Golden Boy was a 2014 recipient of the Alex Award, which is given to adult books that have special appeal for kids ages twelve to eighteen. And yet, I wonder why Golden Boy is categorized as an adult book and not Young Adult. Max’s voice, his relationship with Sylvie, and his angsty (and sometimes overlong) inner monologues really seem like YA material. Was the book labeled adult because of the subject matter, or because of the sections of adult narrative? If Tarttelin had written solely from Max’s perspective, would the novel have been labeled YA? Maybe, like Max, Golden Boy is both genres – or neither. It can’t be categorized.
And unfortunately, this could mean it won’t be read by enough people because it doesn’t clearly fall into a category. And I highly recommend that both adults and young adults read Golden Boy. Not only is it fascinating and well-written, it also examines in a new and important way the age-old struggle of a square peg trying to fit into society’s round hole. (Again, no pun intended).
At times while reading, I found myself wondering why Max didn’t just go along with the doctors’ recommendations to do all the necessary surgeries to make him “totally boy.” Wouldn’t that make things so much easier for him and his relationship with Sylvie?
And yet, the point Tarttelin is trying to make is that Max shouldn’t have to alter his body just because he doesn’t fit into society’s mold. Why should Max have to go through invasive surgeries (that would render him infertile), hormone treatments, and prosthetics (including a pair of fake testicles)? Why can’t Max just be who he is, in the body he was born with?
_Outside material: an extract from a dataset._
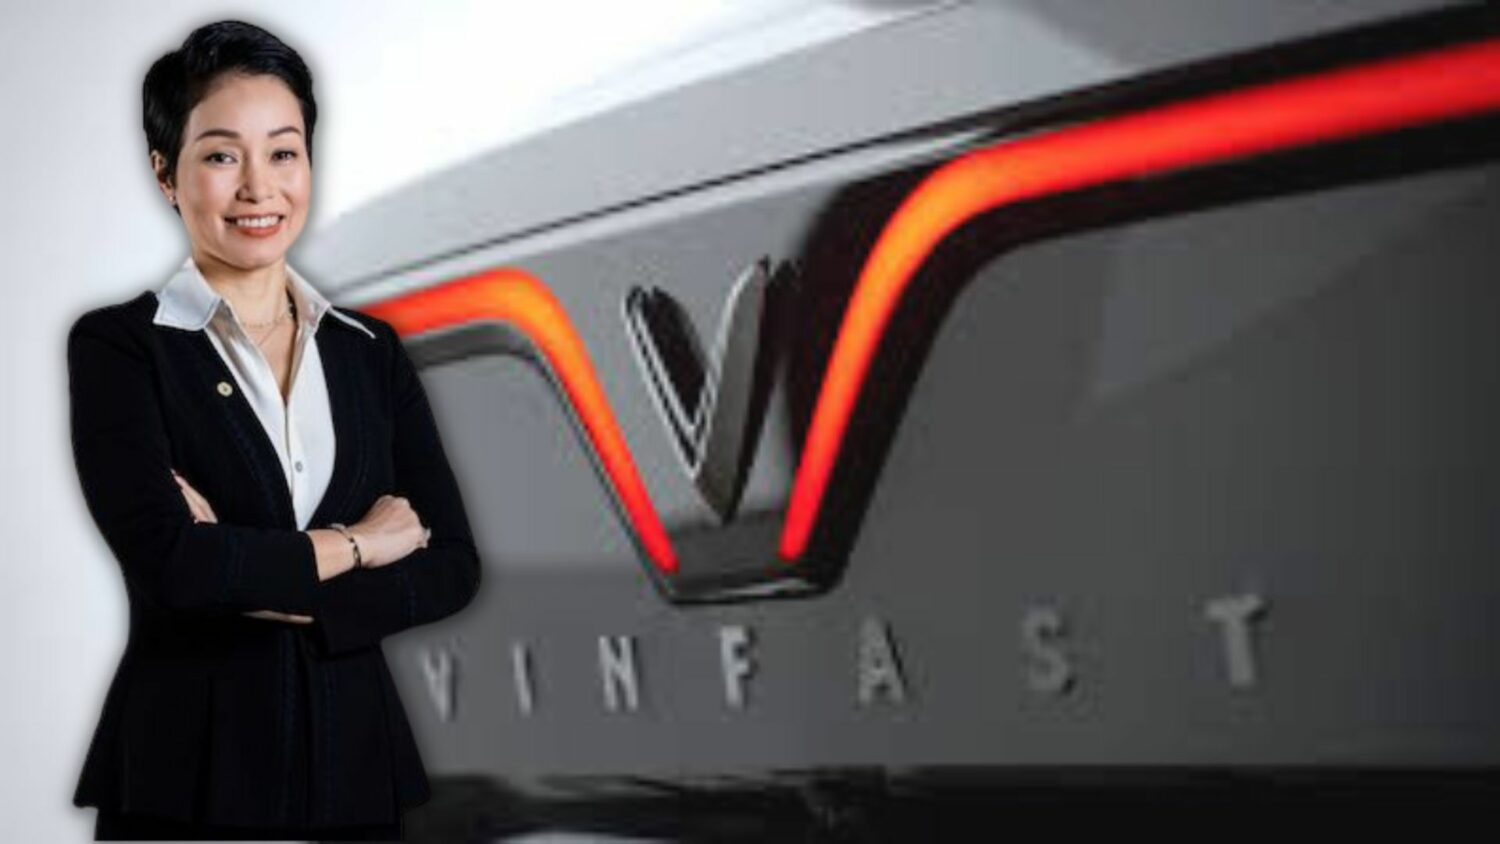 VinFast, a Vietnamese manufacturer of EVs, made an extraordinary debut on the Nasdaq stock market on August 15. Shares of the automaker, which went public through a merger with exceptional purpose acquisition firm Black Spade Acquisition, climbed 68% to finish at $37.06 and were valued at $86 billion, considerably exceeding those of Ford, GM, and Stellantis.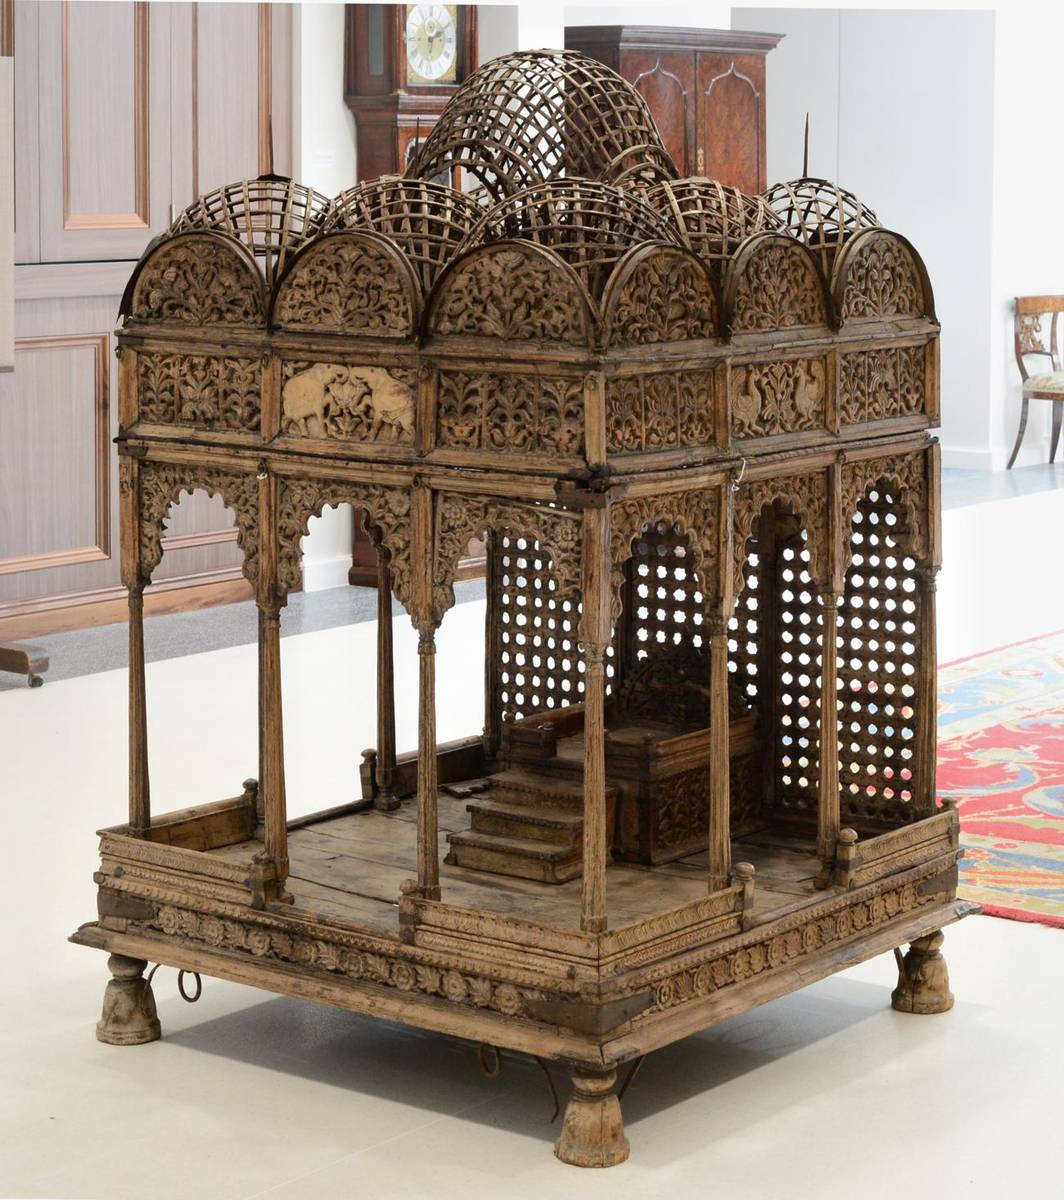 Lot 128 - An Indian Carved Teak Shrine, probably 17th century, in the form of a miniature temple, the...

The reason, according to the doctors, is because if he doesn’t, society won’t know what to do with him. Just look at me and Paul. We like to think of ourselves as relatively open-minded, accepting people, and yet there we were at the burlesque show, desperate to place Lou into a category. We couldn’t accept his/her ambiguity. We wanted, in fact, for Lou to strip down and show us, once and for all, whether he was all boy or all girl. What would we have done if he was both, or neither?
Towards the end of the show, in fact, Ben DeLaCreme announced that Lou was going to come out and do a striptease. “Yay, just what we wanted,” Paul and I said.
Lou danced onto the stage in trousers and suspenders, lip-syncing to a crazy, old Bo Carter song with the lyrics “let me put my banana in your fruit basket and I’ll be satisfied.” When Lou took off his clothes, he was wearing a flesh-colored body suit underneath with a fig leaf painted on the crotch. The joke was that we’d never really know.
And the point of Golden Boy is that it shouldn’t matter what Lou has between his/her legs. Well, no, not exactly. It does matter. Sex and sexuality matter greatly, and one of the mistakes Max’s parents made was trying to ignore Max’s situation and pretend like it wasn’t a big deal.
What truly shouldn’t matter is the category. Where we make the mistake is in insisting that everyone belongs in one group or the other. In an interview with Goodreads, Tarttelin says about the novel, “I could explore gender through the eyes of someone who had no need to define themselves as either male or female, but was pressured to do so by their family and community”. She placed Max in “‘average’ community and a loving family” because “I often feel characters with alternative genders and sexualities are treated as outsiders in art, when in fact they are us, and they belong inside our communities. I wanted Golden Boy to take place in a town that readers could see as their own town”.
Her book is a plea to society: let Max be Max and Lou be Lou. Stop trying to strip them down, examine them, and force them into a category. It’s hard for us to understand sometimes, but we have to work on accepting people and loving them for exactly who they are.